South-Central Section - 49th Annual Meeting (19–20 March 2015)

Paper No. 4
Presentation Time: 9:00 AM-4:00 PM

FRACTURE AND PORE NETWORK CONNECTIVITY IN SHALES RELATED TO INCREASED HYDROCARBON PRODUCTION


SORTORE, Joseph A., Earth and Environmental Sciences, University of Texas at Arlington, 1602 White Way Dr, Arlington, TX 76013, joseph.sortore@mavs.uta.edu

Intrinsic shale anisotropy is a well-known fact to geologists both in and out of the industry. What proves more difficult when producing these assets is the pore network lacks a high degree of connectivity, which would promote fluid migration (Healy, 2009, Hu and Ewing, 2014). Hu (2012) has found very low, edge-only effective porosity values – laboratory samples show porosity only accessible new the edges of shale cubes – believed to be the product of low permeability and a disconnected pore network. With pore connectivity inherently poor in shales, optimizing a reservoir’s permeability, and therefore diffusion radius and reservoir efficiency, relies on inducing connectivity through the fracture network – specifically whether the induced fractures promote or discourage further pore-fracture connectivity. Vincent (2011) describes his troubles in network connectivity indirectly through the inability to increase fracture height across shale bedding planes.
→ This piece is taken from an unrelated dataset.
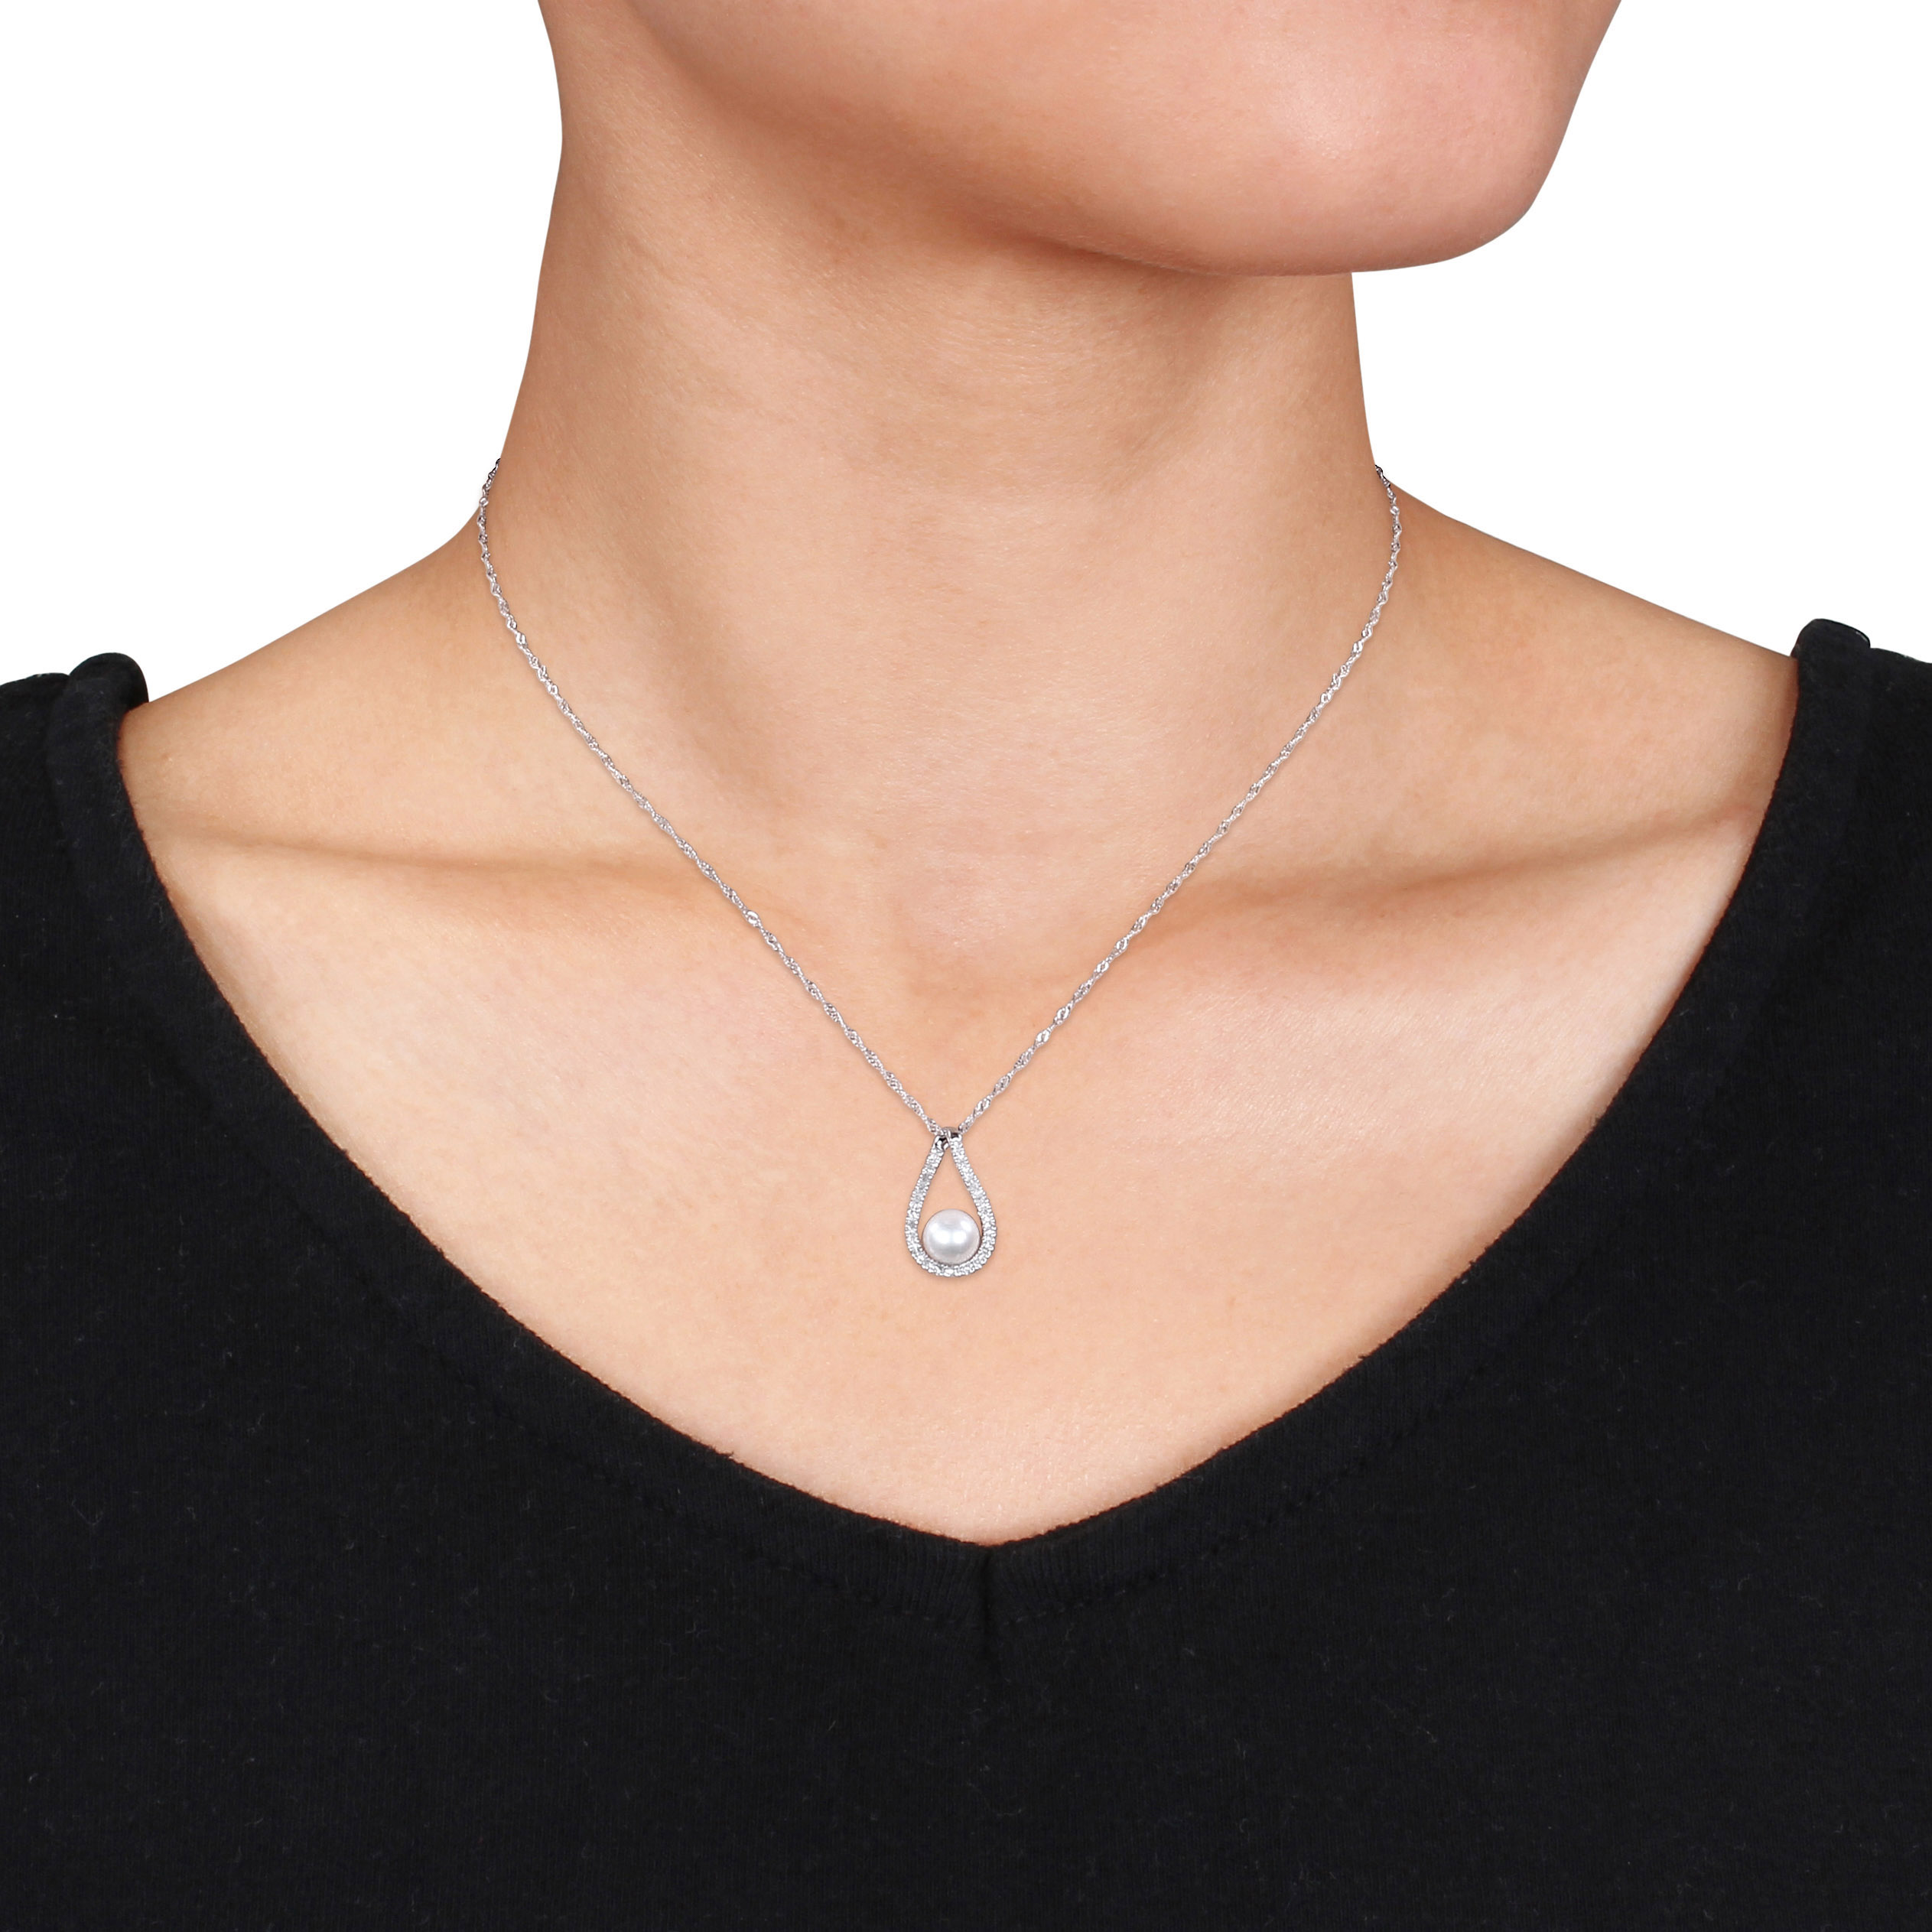 6.5 - 7 MM Cultured Freshwater Pearl and 1/10 CT TW Diamond Raindrop Pendant with Chain in 14k White Gold

Further investigation requires a dual, comprehensive look at petrophysical properties governing fluid migration and geomechanics to optimize hydrocarbon extraction. Improving the network’s connectivity (natural/induced fractures with nano-pores) requires the stress manipulation around the well taking many factors such as in situ stresses, surrounding wells’ influences on local stresses, rock heterogeneity, fracing fluid viscosity and production-driven depletion (and its subsequent effects on effective stresses) into account (Gupta, 2013). The extent of fracture growth and fracture spacing as well as their influences on the diffusive capabilities of assets by increasing the permeability is the target of study.
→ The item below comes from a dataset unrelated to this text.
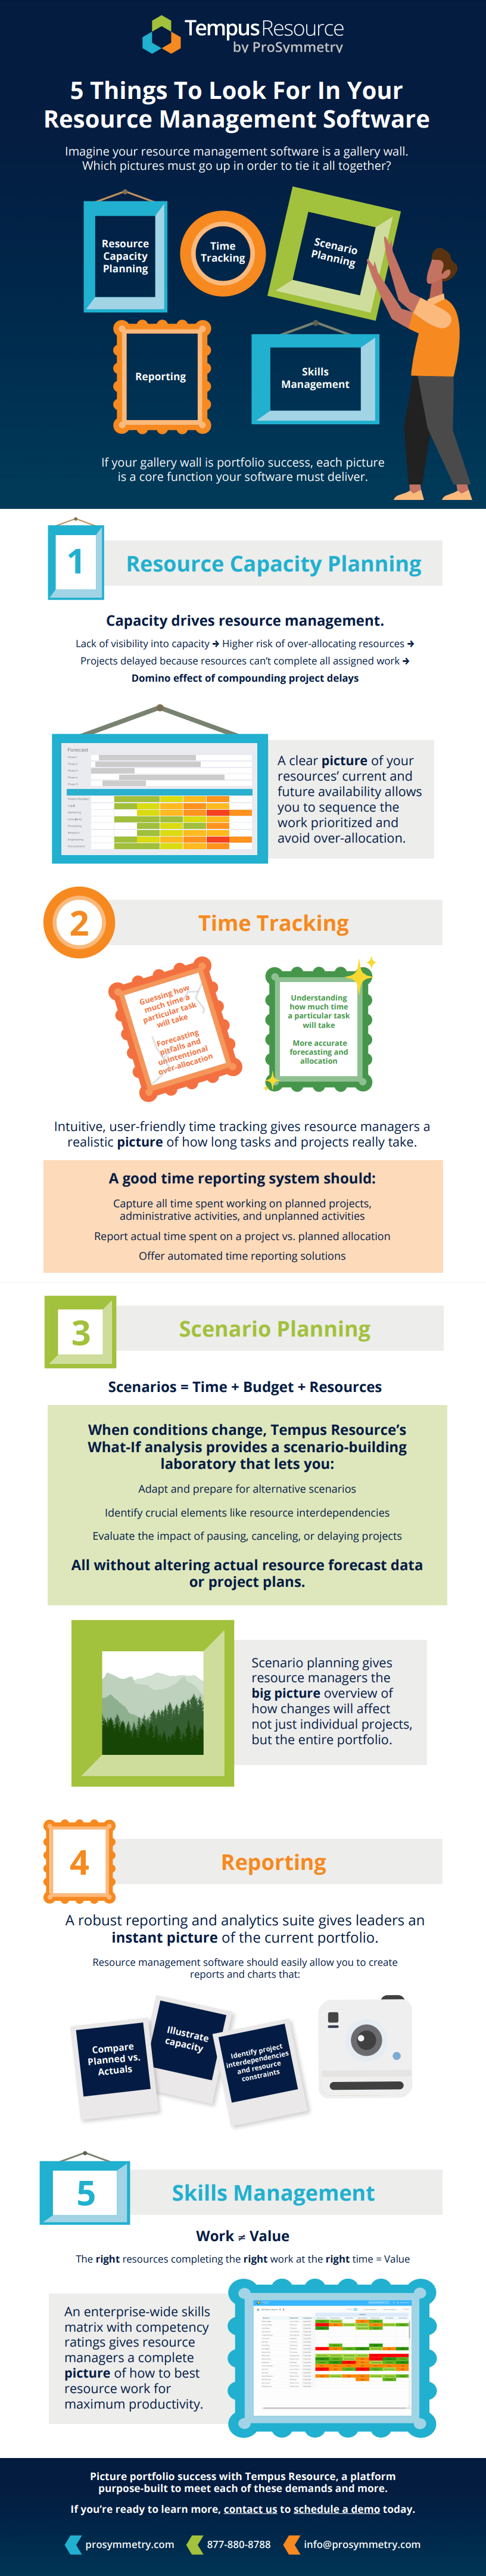 Infographic: 5 things to look for in RM software

The work planned to solve the above problem involves an initial characterization of pore structure and connectivity and petrophysical properties governing fluid diffusion. Geomechanical properties such as fracture toughness and Young’s modulus will be gathered before the samples will be fractured and mapped to observe the induced crack network. Samples will then be flooded to observe the fluid-mechanical influences through time-lapsed neutron tomography images. This coupled approach is aimed at further understanding the mechanical influences on migration of hydrocarbons with shales.